Our duties did not take up all our time and we often went walking alone, each in his own direction and taken up with his own thoughts. I remember particularly enjoying the view from the top of the bare hill. Though only 548 feet high, the panoramic, windswept scene was wonderful from there. There were very few trees and those that existed were stunted to the size of large bushes. To the northeast, the ground fell away steeply to the rocky coast. Southwest the slope was more gentle and levelled out to the skirt of flat land on which stood the few vestiges of the ruined monastery. It had been built by Saint Cadfan (who was from Brittany) in the year 516. I do not envy his journey all the way to North Wales, no doubt in some form of coracle or other animal skin-covered frame. It is some 300 miles directly by sea, and one can be sure that he was often blown off course and had to seek food and water on land. I have covered such a distance in an open ship's lifeboat, fitted with pre-Homeric rigging – but at least that was a sturdy, unsinkable hull, not a light wicker frame covered with oiled or tarred animal skins!
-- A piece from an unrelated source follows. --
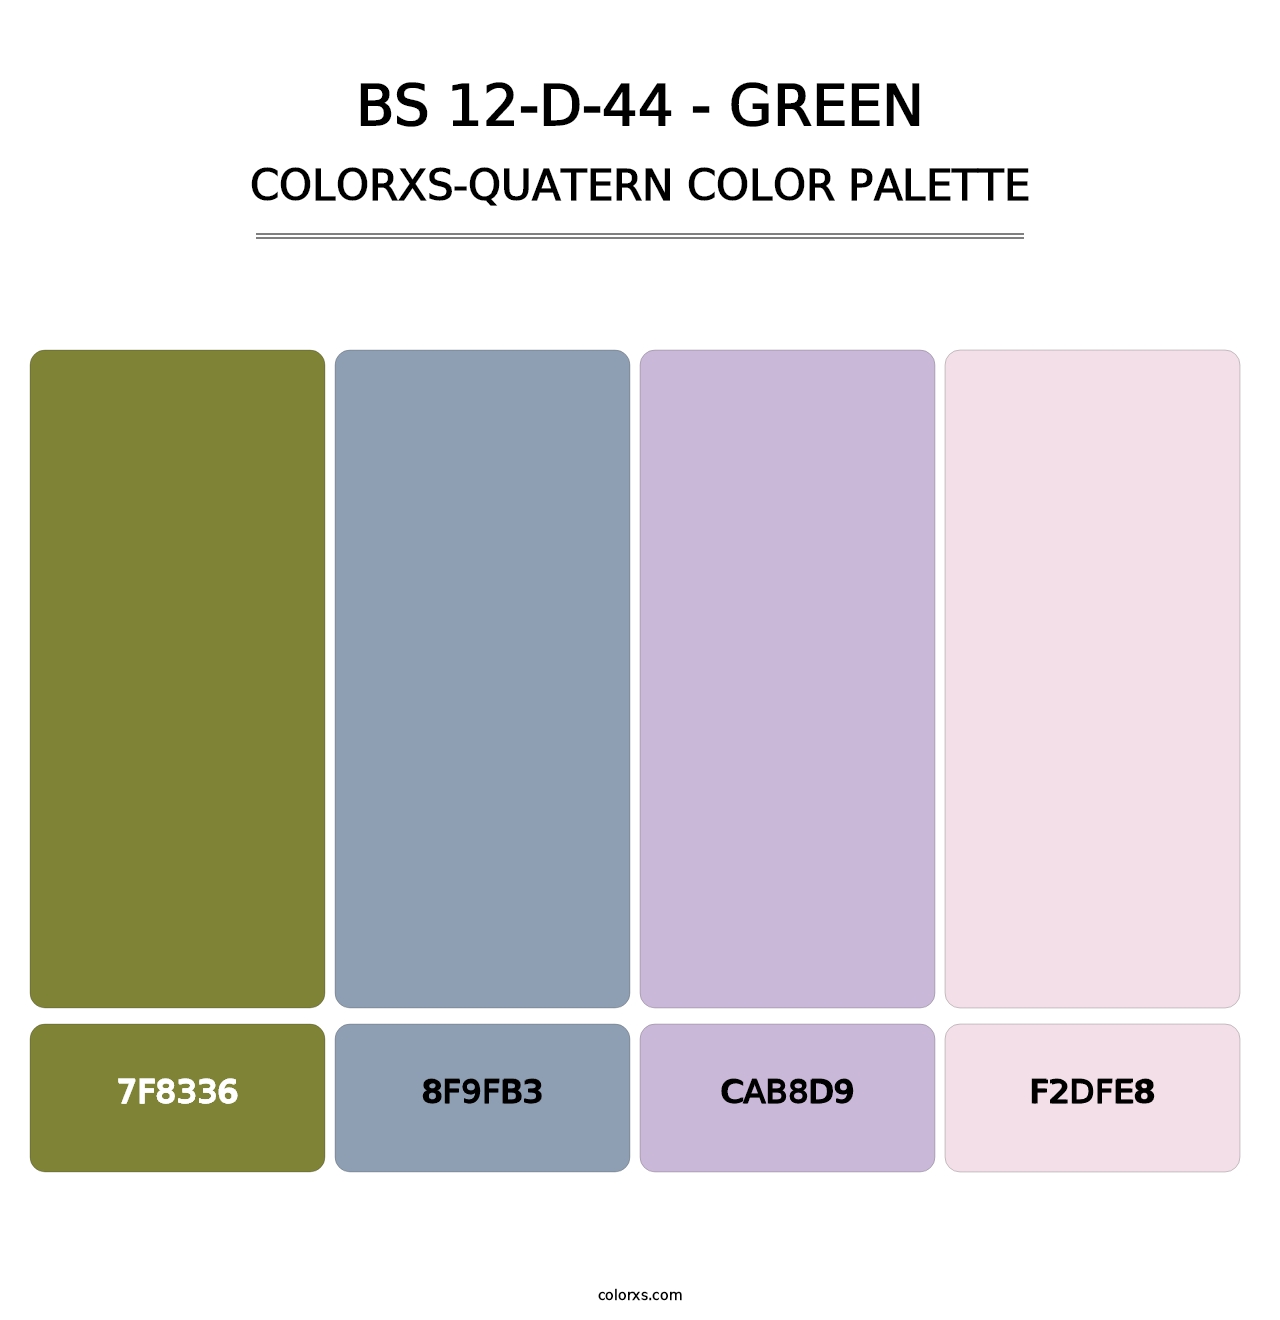 BS 12-D-44 - Green - Colorxs Quatern Palette

Down there, twenty thousand saints were said to be buried but the earth is so shallow, before hitting rock, I wondered if the saints had not found their eternal resting place in the waves, rather than in the ground. They say there is deeper earth near the still-standing tower of the monastery and there is a cross, dating from the sixth century. In 584, Saint Deiniol (Bishop of Bangor) was buried there, as was Saint Dyfrig (though he was moved to the Cathedral of Llandaff in 1120). By the year 1212, it had become a regular pilgrimage destination, termed: ‘Canons Regular', and three pilgrimages to Bardsey were considered worth one to Rome, not, as Father thought, to Jerusalem. In 1284, Edward I made a pilgrimage there. The deeper earth could have been an inlet, then a lake at one time, which has since silted up and become soft ground, suitable for burial… or indeed, cultivation. There, the saints could have been buried, one above the other. As for the exact number, I am sure that distant history is full of poetic licence or plain exaggeration. Of course the monastery (like most of the others in Britain) was destroyed on the orders of Henry VIII, with Dissolution and the Reformation.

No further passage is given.